Черная молния вечности | страница 17
Мне думается, не редакторов имел в виду Рубцов, признаваясь в странном отчуждении от написанного и изданного. Но это было не отторжение себя, не отстранение созданного, а признание соучастия Всевышнего.
В те годы в моде была этакая киноактерская отстраненность, этакая многозначительная причастность к тайнам.
Отечественные интеллектуалы грезили Камю, с тупым захлебом зачитывались его программной работой «Посторонний».
«Экзистенциализм!.. Экзистенциализм!!..» – глухо ухало из интеллектуальных помоек.
А главный столп этого – черт, язык сломаешь! – экзистенциализма Жан Поль Сартр гостил в СССР и благосклонно соизволил посетить Литинститут им. Горького.
Не помню, был ли на встрече с ним Рубцов, но явственно помню значок с изображением председателя Мао на лацкане гуманнейшего Сартра.Нет, братцы горемычные, пить надо все-таки меньше – и экзистенциалистам, и неэкзистенциалистам, и маоистам, и коммунистам. А то ведь запросто можно перепутать эссенцию с экзистенцией, а тормозную жидкость с мятным ликером…

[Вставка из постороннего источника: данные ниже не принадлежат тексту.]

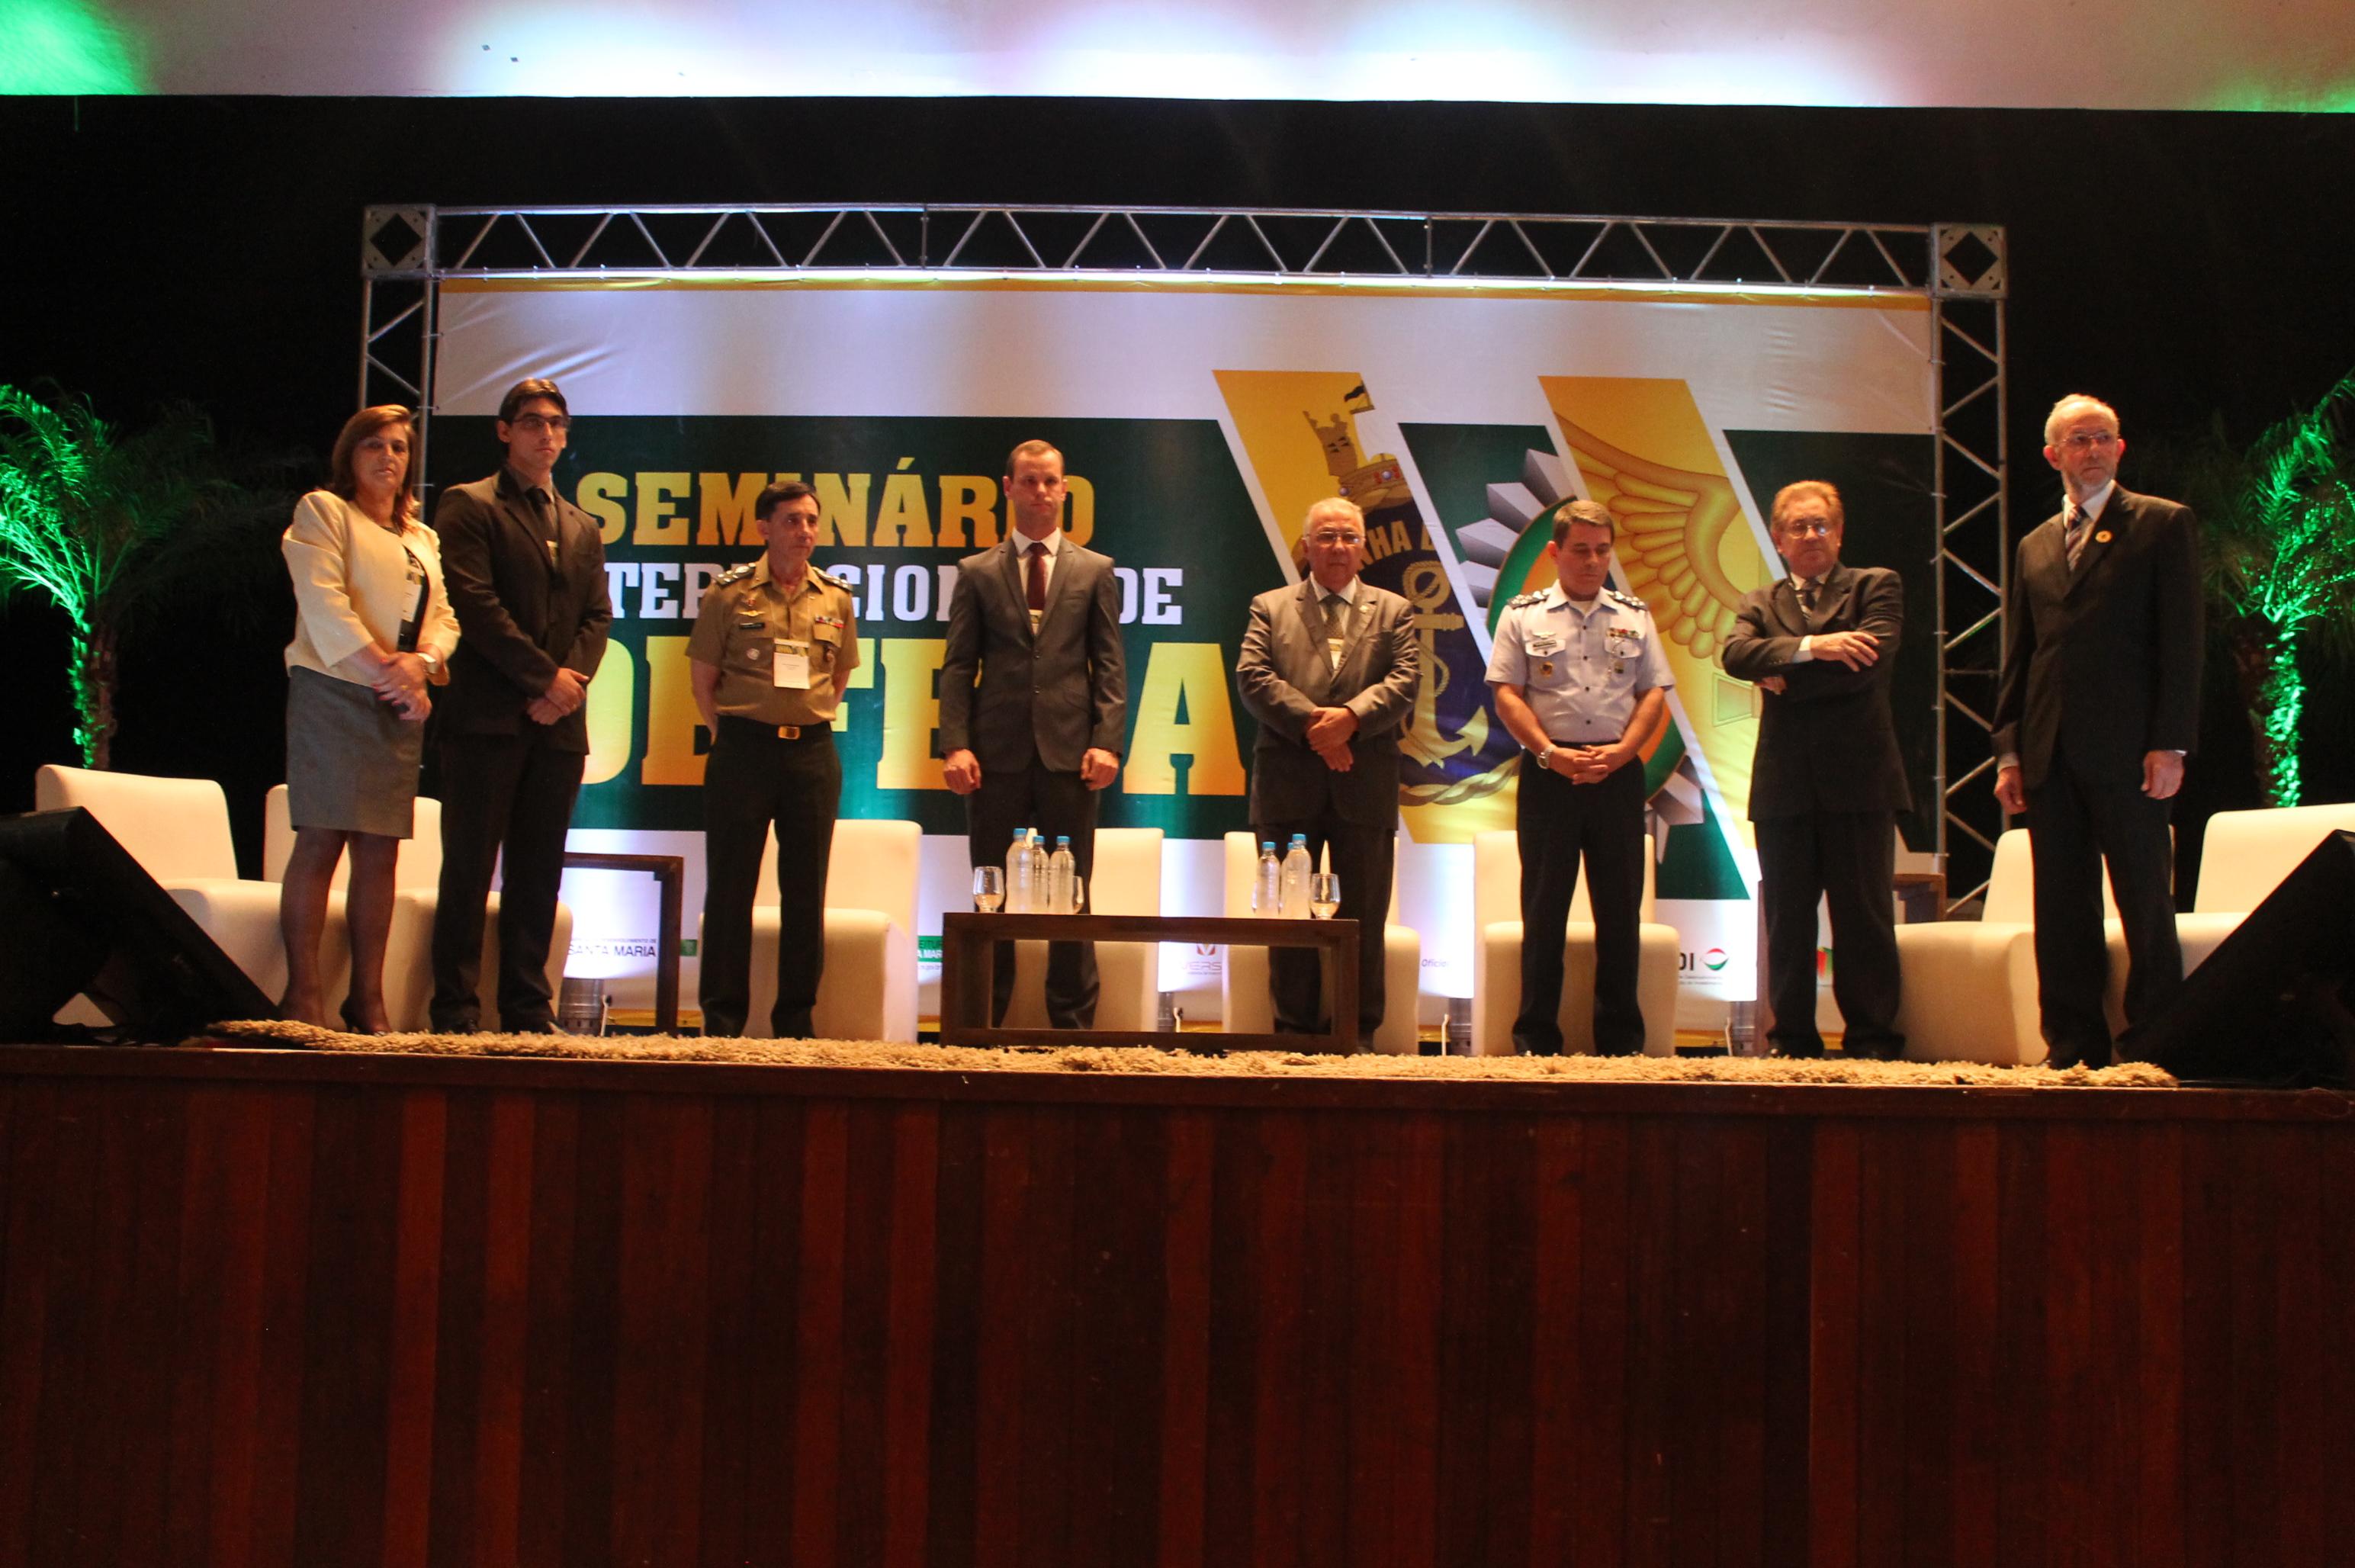 Autoridades na abertura do Seminário Internacional de Defesa (Imagem: Marielle Flores)

По Сартру свобода есть отрицательность по отношению к бытию. И Рубцов, ей Богу, мог вполне служить живым примером сей отрицательности. Но только не для посвященного!.. Рубцов ни от чего не отстранялся, разве что от плохих людей… Но и то не очень… А свобода была его сущностью, но это была Божественная свобода, – и не зря им четко и кратко сказано:
О чем писать?! На то не наша воля!
Божественная воля диктовала строки, и он был истинно свободен в Божественной воле, а не маялся лжепризраками чужих философских теорий.

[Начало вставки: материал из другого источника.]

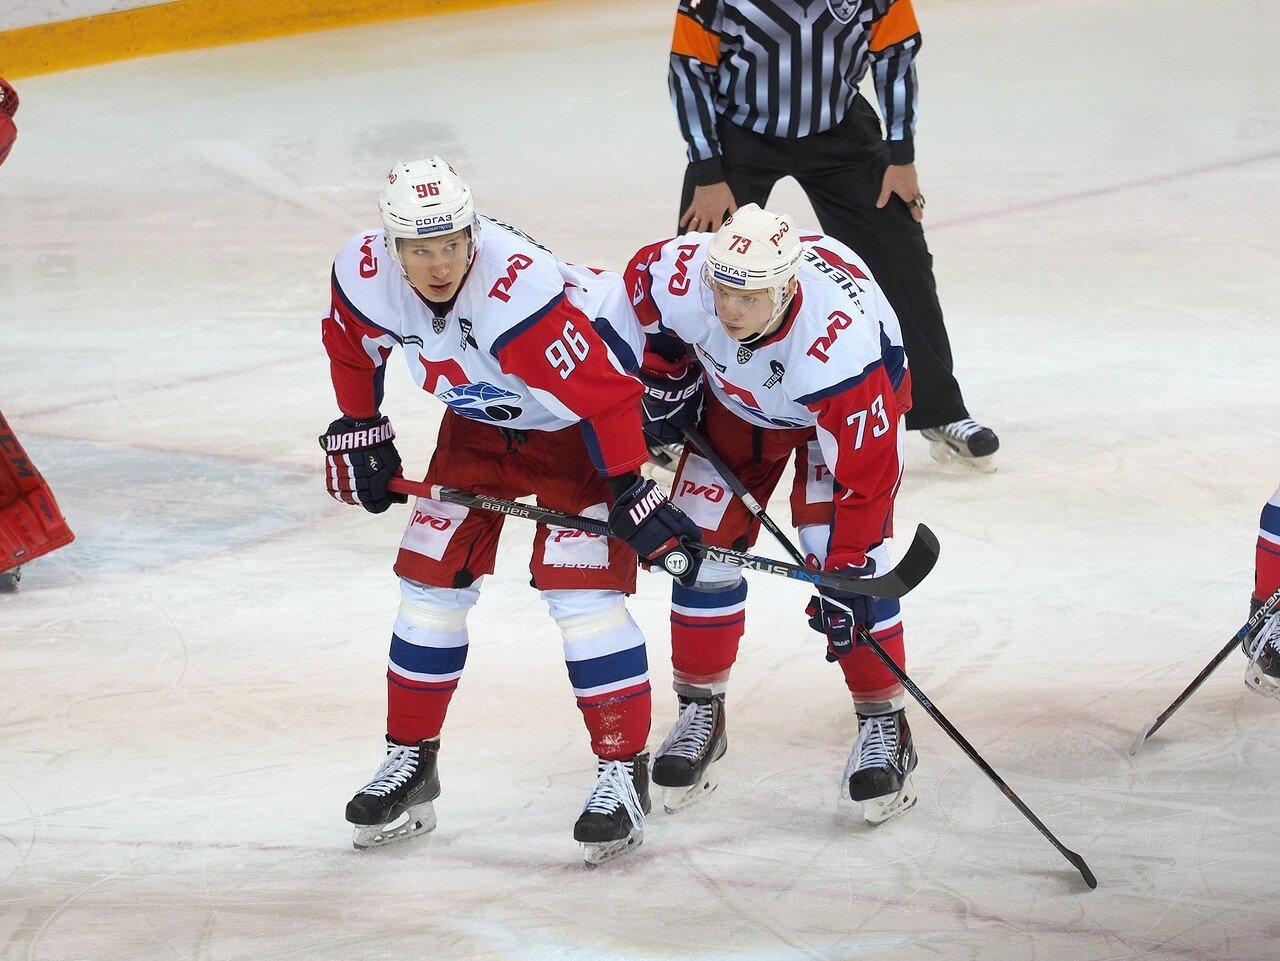 54Металлург - Локомотив 23.11.2016

С моста идет дорога в гору,
А на горе – какая грусть! —
Лежат развалины собора,
Как будто спит былая Русь.
Былая Русь! Не в те ли годы
Наш день, как будто у груди,
Был вскормлен образом свободы,
Всегда мелькавшей впереди!
Эти вещие строки он как бы обронил мимоходом. Они были опубликованы, – и удивительно, никто не видел в них крамолы. А ежели б подобное было сказано кем-нибудь из диссидентствующих?! О, эти бы строки переписывали, перексерокопировали, заучивали бы и декламировали под тремя ватными одеялами.
А образ свободы и ныне всё мелькает и мелькает… И всё впереди… Но упорно блазнится, что давным-давно позади…
А как же советская железная цензура и дубопаркетный редакторский беспредел?! Как это они прозевали Рубцова?! Как это они профукали такого поэта?! А вот так – взяли и просмотрели: «…пущай живет – все равно рано или поздно подохнет!..» К сожалению, оказалось, рано!..
Неизмеримо количество стенаний, отчаянного бессилия и бессильной ненависти, порожденной этой системой редактуры.